__Activity__: In the records below, find the line containing "Imagen de la". Output it and every line after it to the end, unchanged, with no pictures.

[Extracted records]
-- Opening Marker --
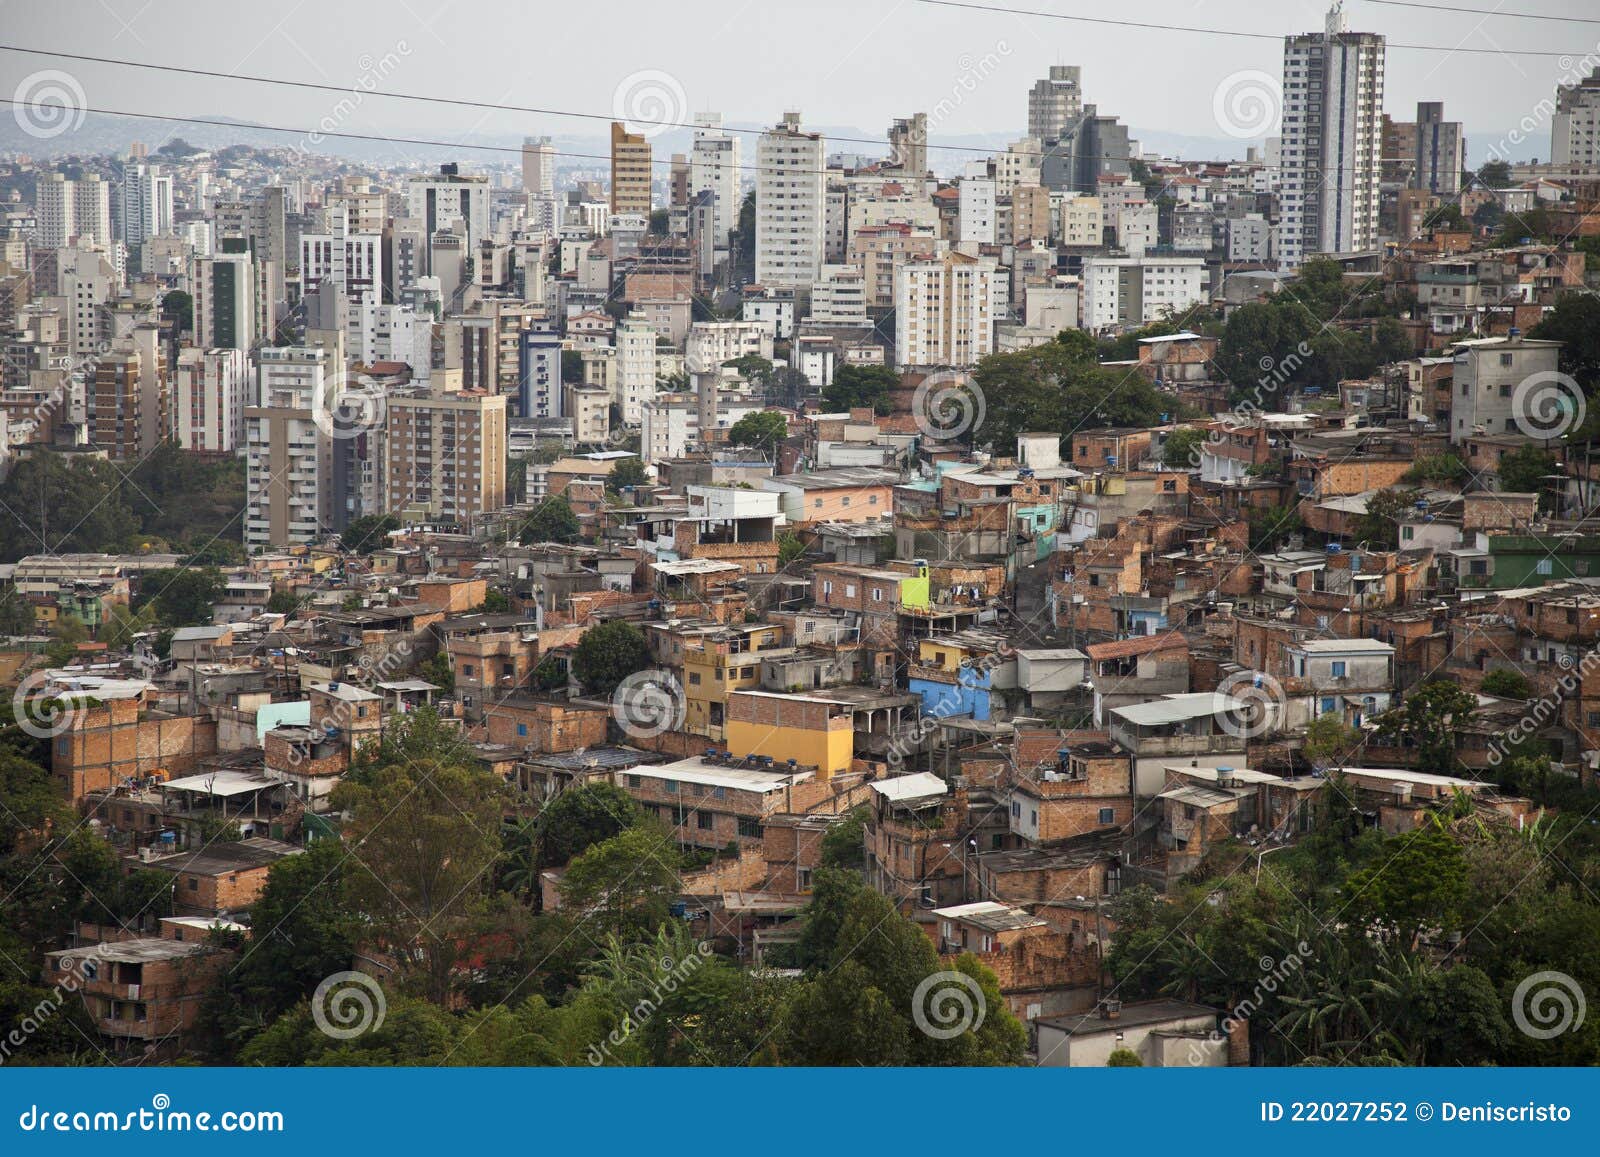 building and poor slum of brazil.
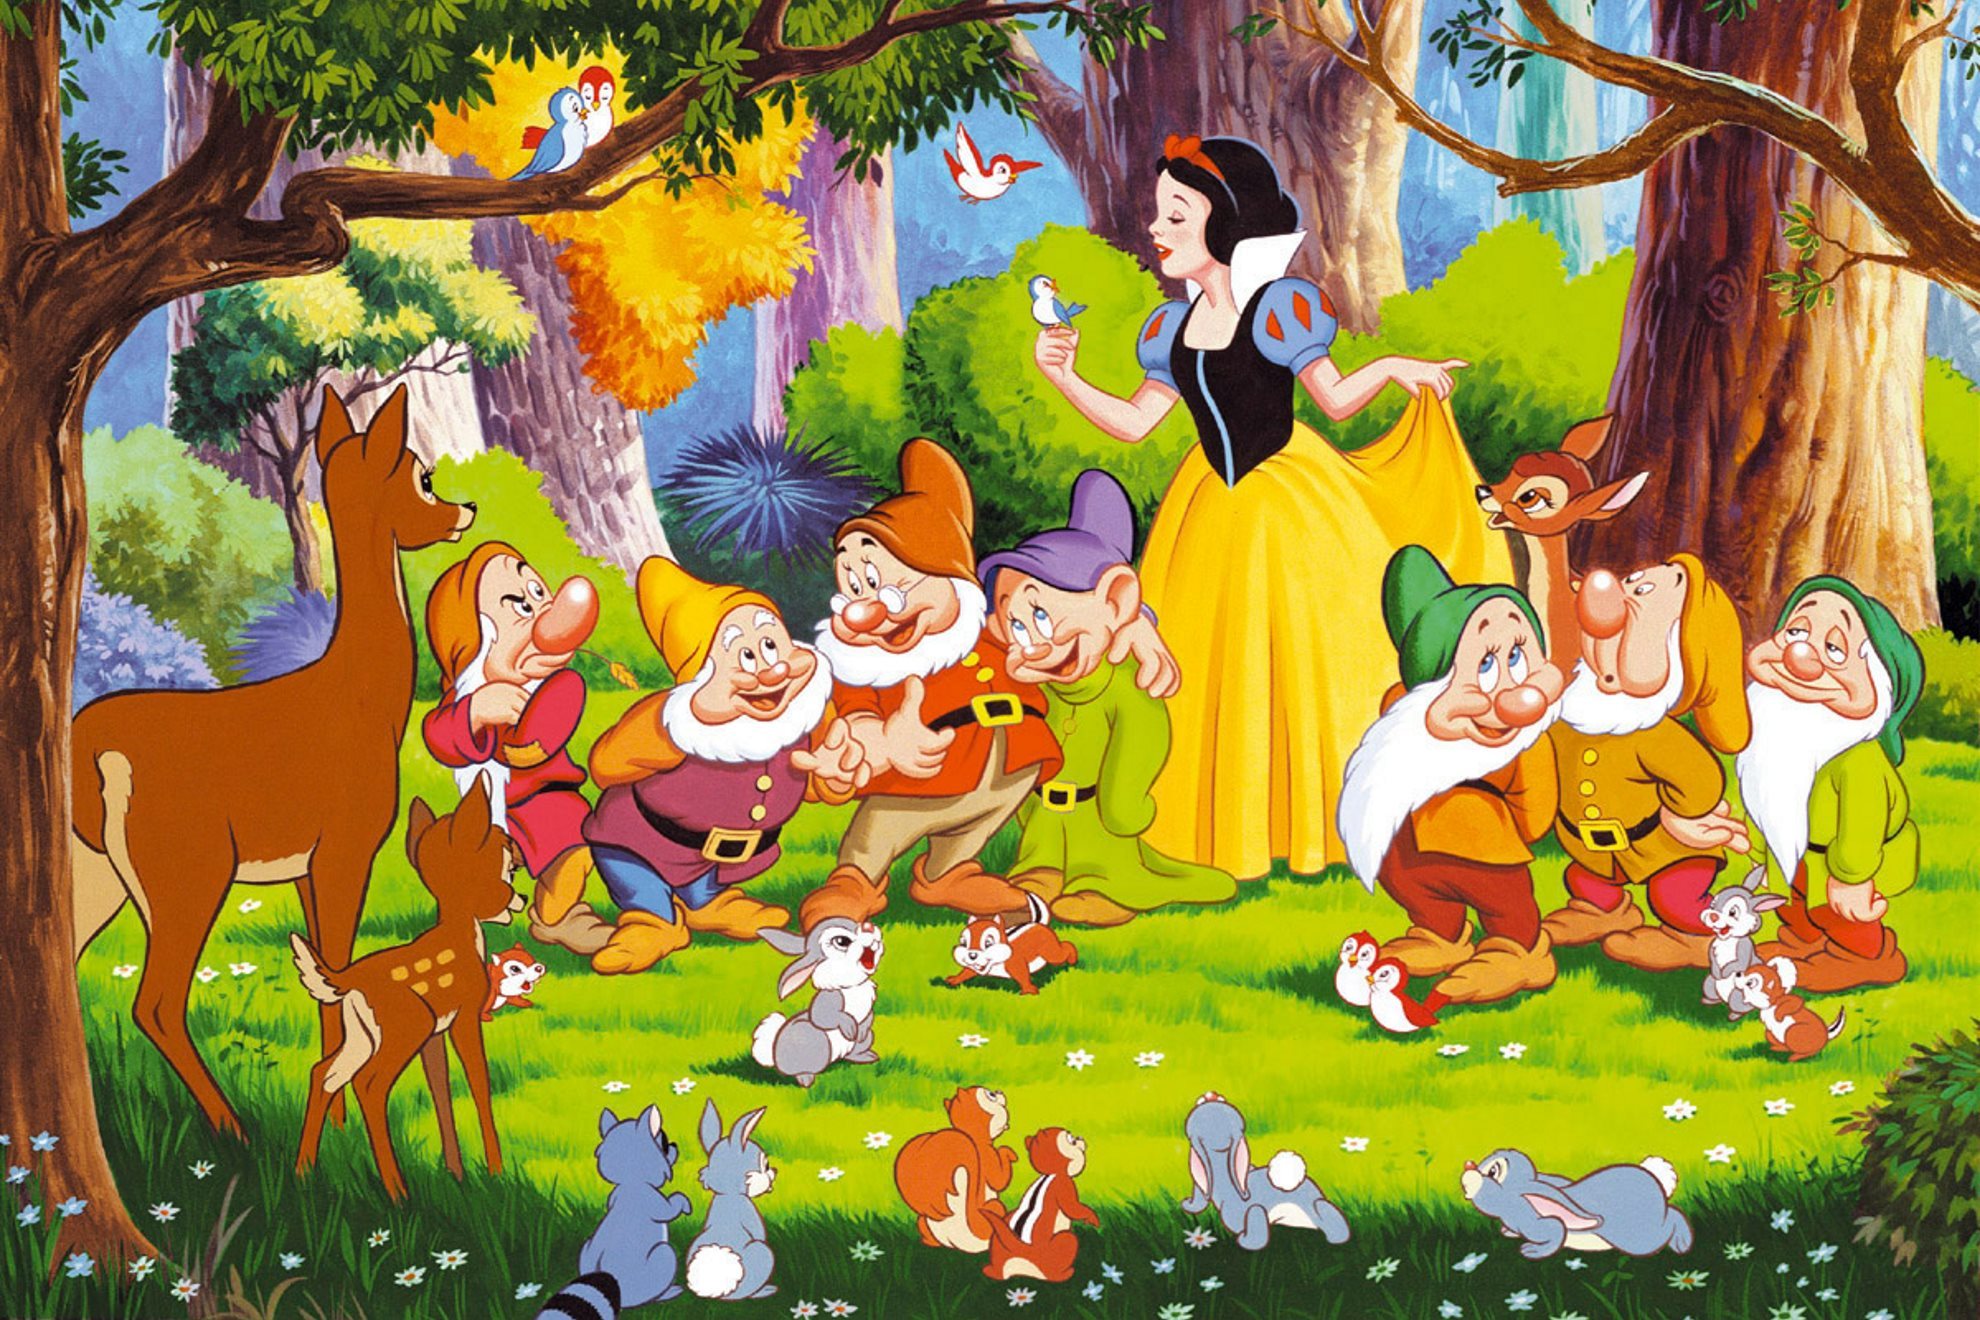 Imagen de la pelcula original de Disney Blancaniees y los siete enanitos
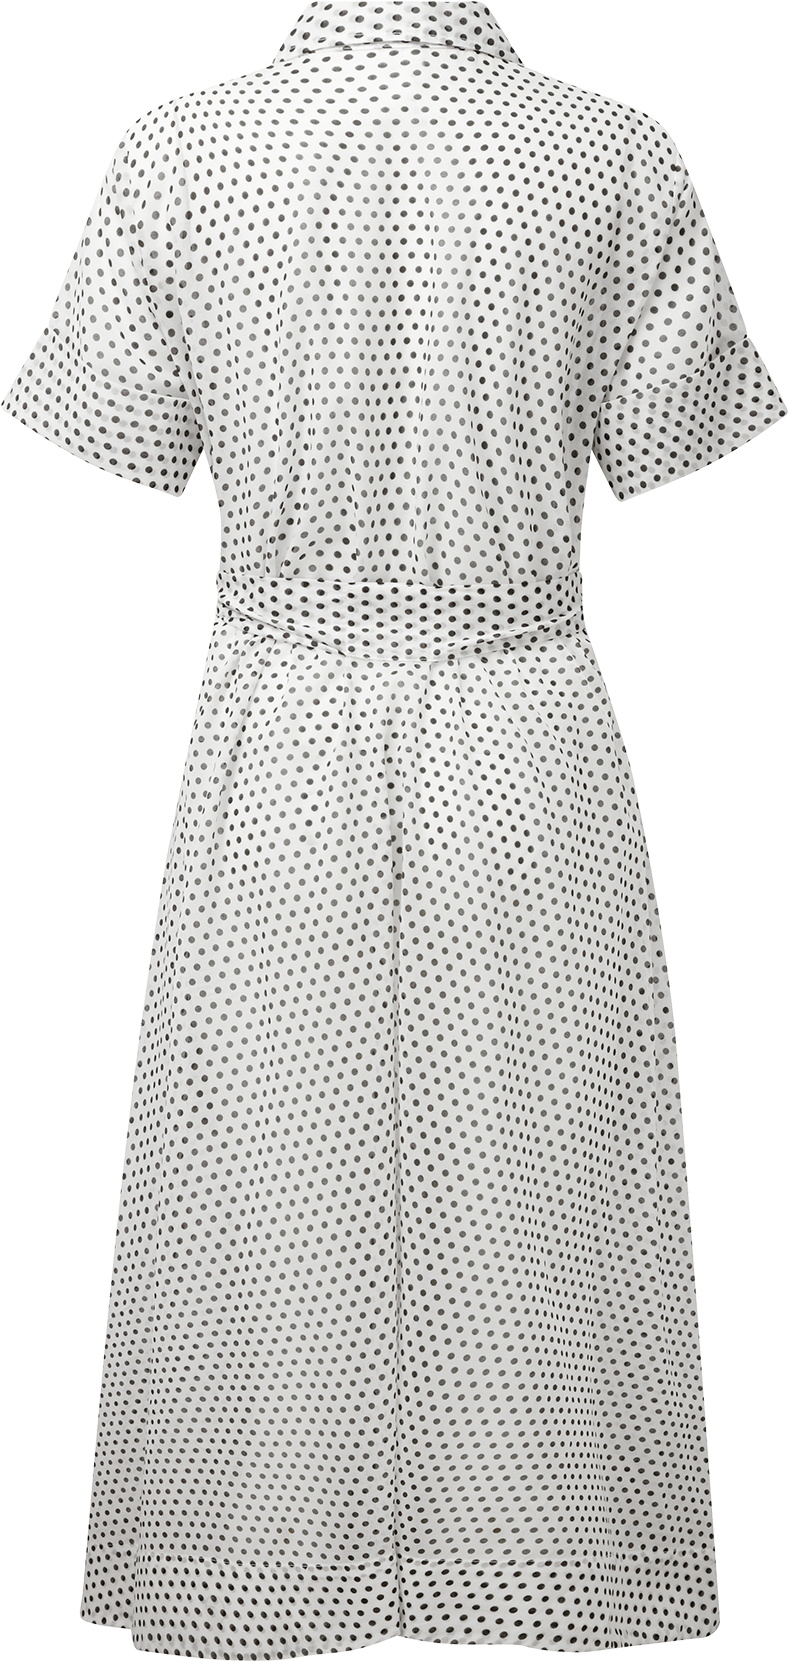 White Polka Dot Shirt Dress - Day Dress (1200x1740), Png Download
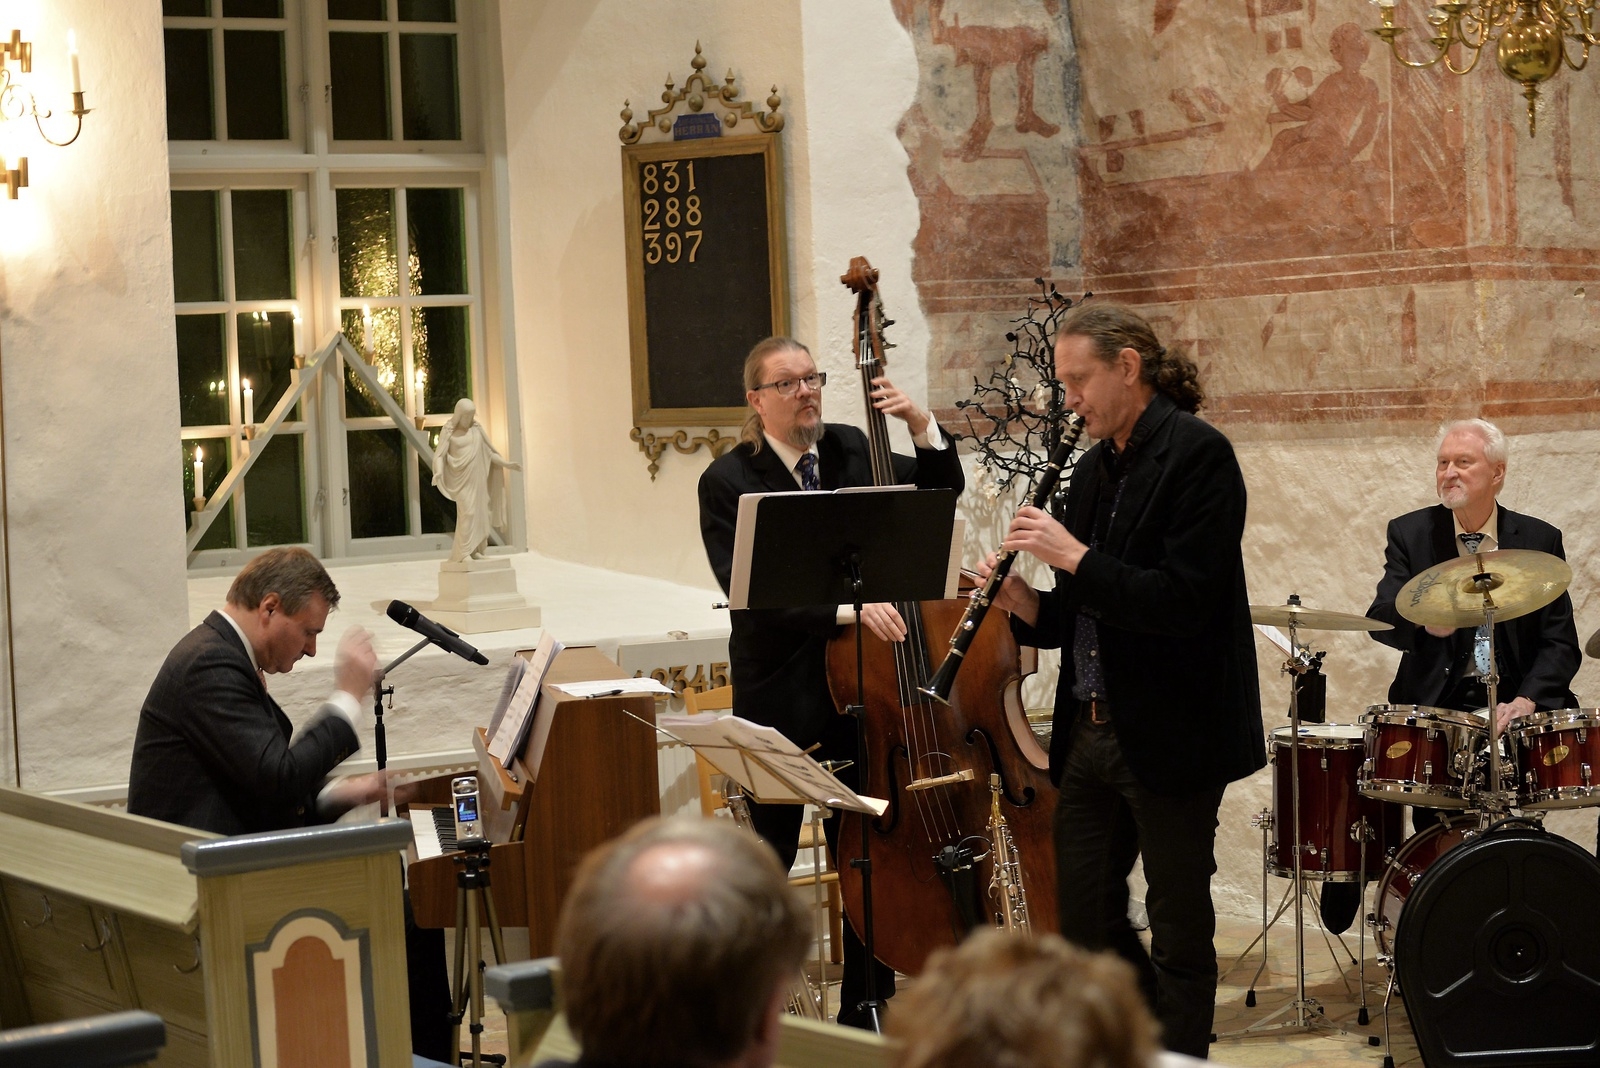 Glenn Bengtsson, Christer Schöld, Håkan Ekvall och Ulf Åkerberg jazzade i Finja kyrka. Foto: Johannes Höghäll Johnsson
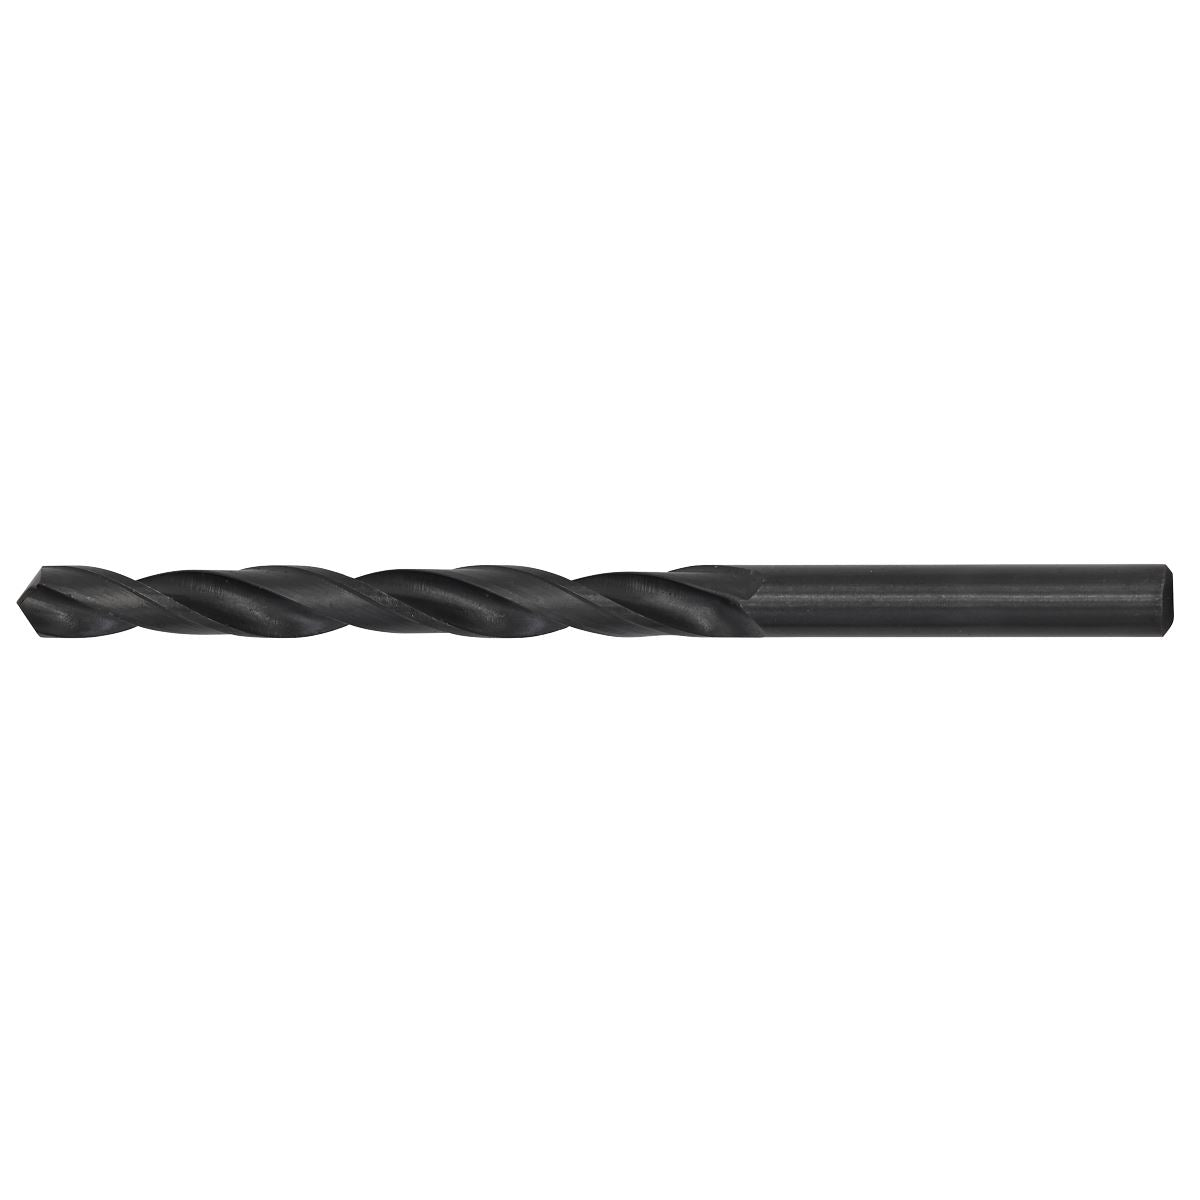 Sealey HSS Twist Drill Bit Ø9.5 x 125mm
-- Closing Marker --
__Solution to this problem__:
 Imagen de la pelcula original de Disney Blancaniees y los siete enanitos
 White Polka Dot Shirt Dress - Day Dress (1200x1740), Png Download
 Glenn Bengtsson, Christer Schöld, Håkan Ekvall och Ulf Åkerberg jazzade i Finja kyrka. Foto: Johannes Höghäll Johnsson
 Sealey HSS Twist Drill Bit Ø9.5 x 125mm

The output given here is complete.